When Dae met Alari, she had been impressed with the princess’ poise and presence. The child Alari possessed only a small fraction of the force of personality she developed as she grew into her role as queen though. If Dae looked for it, she could catch a glimpse of the girl she first met lingering within the queen, but the years had both given and taken so much that the woman who was the queen was as much an exciting mystery to Dae as the princess had ever been.

“There was one candidate who looked promising though,” Dae said, jumping back to an earlier point in their conversation to take her mind off how intense it was to be with her princess again.

“I thought no one passed your test?” Alari asked.

“No one bested the mountain,” Dae said. “Or me. But there was one who displayed the kind of thinking and perseverance I was looking for.”

“What did they do?” Alari asked.

“I asked them to climb the mountain in a storm without their pact spirit’s help,” Dae said. “The one who impressed me was at the back of the pack and wasn’t going to make it on her own, and none of the other idiots thought to help her.”

“Were you trying to kill my applicants?” Alari asked.

“No, no,” Dae said. “I just wanted to break them in a somewhat specific manner.”

“And how did this one break?” Alari asked.

“She jumped off the mountain,” Dae said. “And flew down to the base camp we’d setup.”

“So she cheated?” Alari asked.

“Yes, but she did it right,” Dae said. “I’d told them they couldn’t use their pacts to climb up the mountain. She only used hers to get back to safety and then as soon as the storm was over she started climbing up again, without her pact spirit’s help, as instructed. The rest of us were coming down the mountain by then, so I had her turn back but I want to see her again. There might be something I can work with there.”

“Good,” Alari said. “That’s excellent. Then perhaps you’ll wind up with two candidates for the Queen’s Guard.”

“Two?” Dae asked. “Who’s the other?”

“The Duchess of Tel has agreed to pay us a visit at last,” Alari said.

“Duke Telli’s daughter is coming here?” Dae asked. “I thought Ren said, she was sickly and couldn’t move till the spring.”

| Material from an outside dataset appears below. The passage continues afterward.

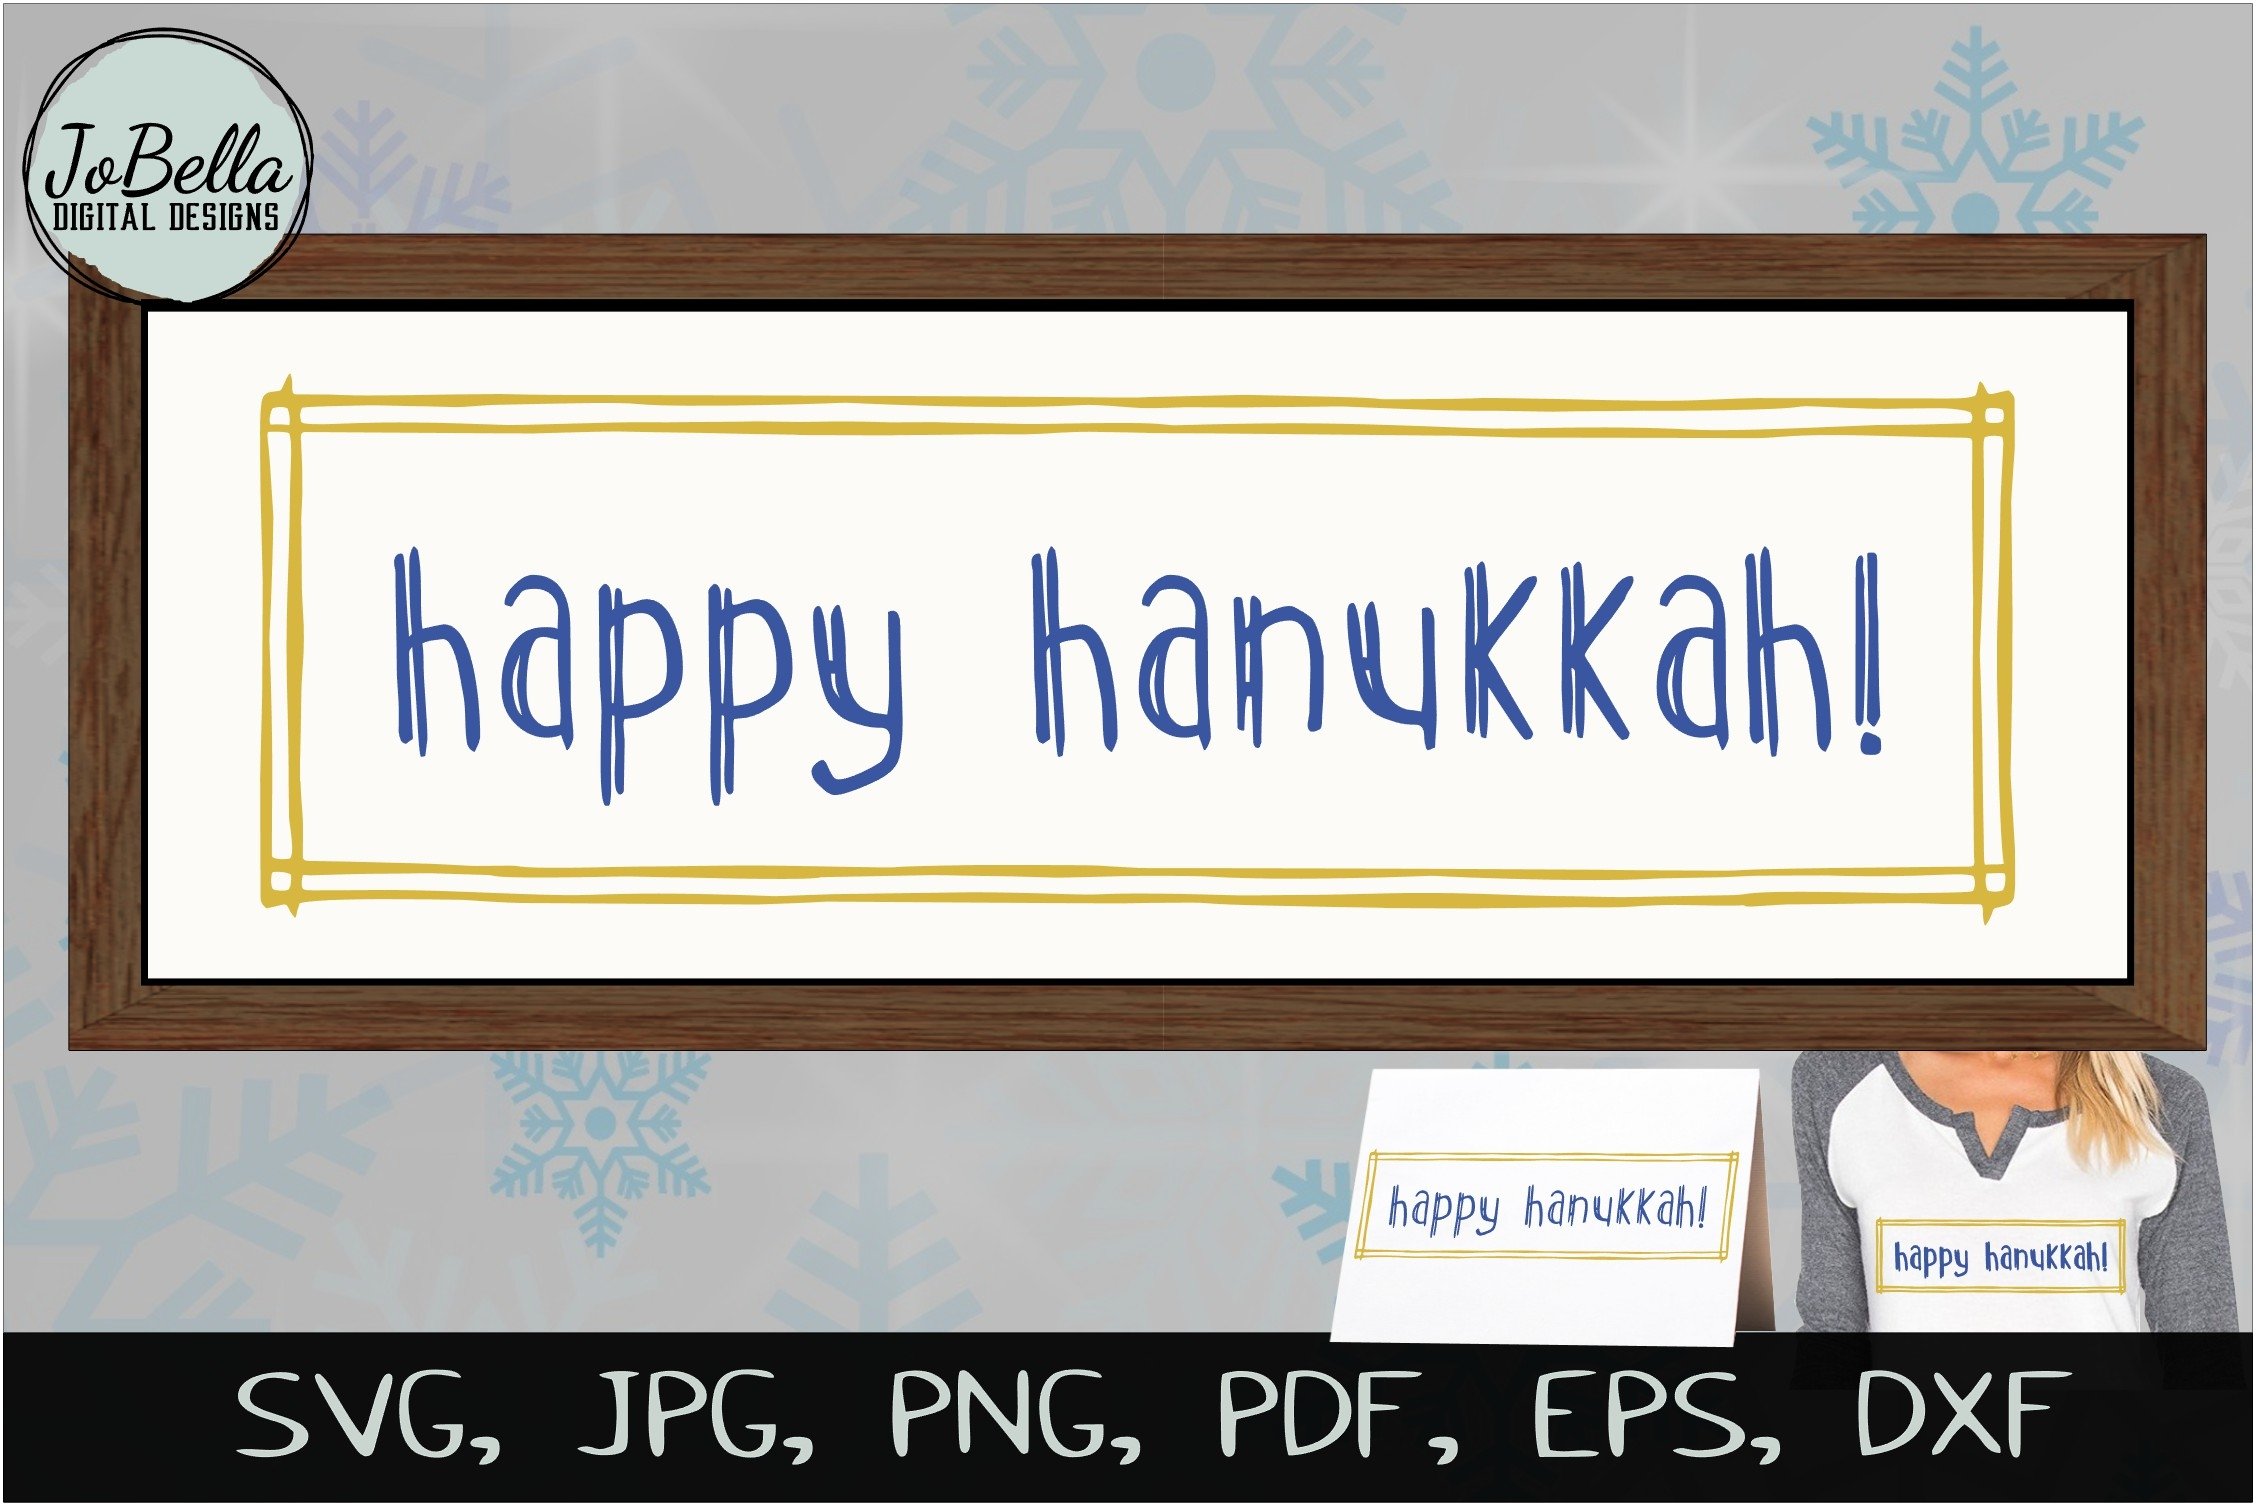 The lettering "Happy Hanukkah".

“He didn’t use the word sickly,” Alari said. “He claimed she was beset by a troubled spirit and needed to address that before she could withstand the trip from Elinspire.”

“What does that mean?” Dae asked.

“I don’t know,” Alari said. “It might be that her period of mourning her father has passed and she feels ready enough to confront his killer.”

“Why would you think that?” Dae asked.

“Because she claims she doesn’t care for the title of Duchess,” Alari said. “And that she is coming here because her dearest wish is to meet you.”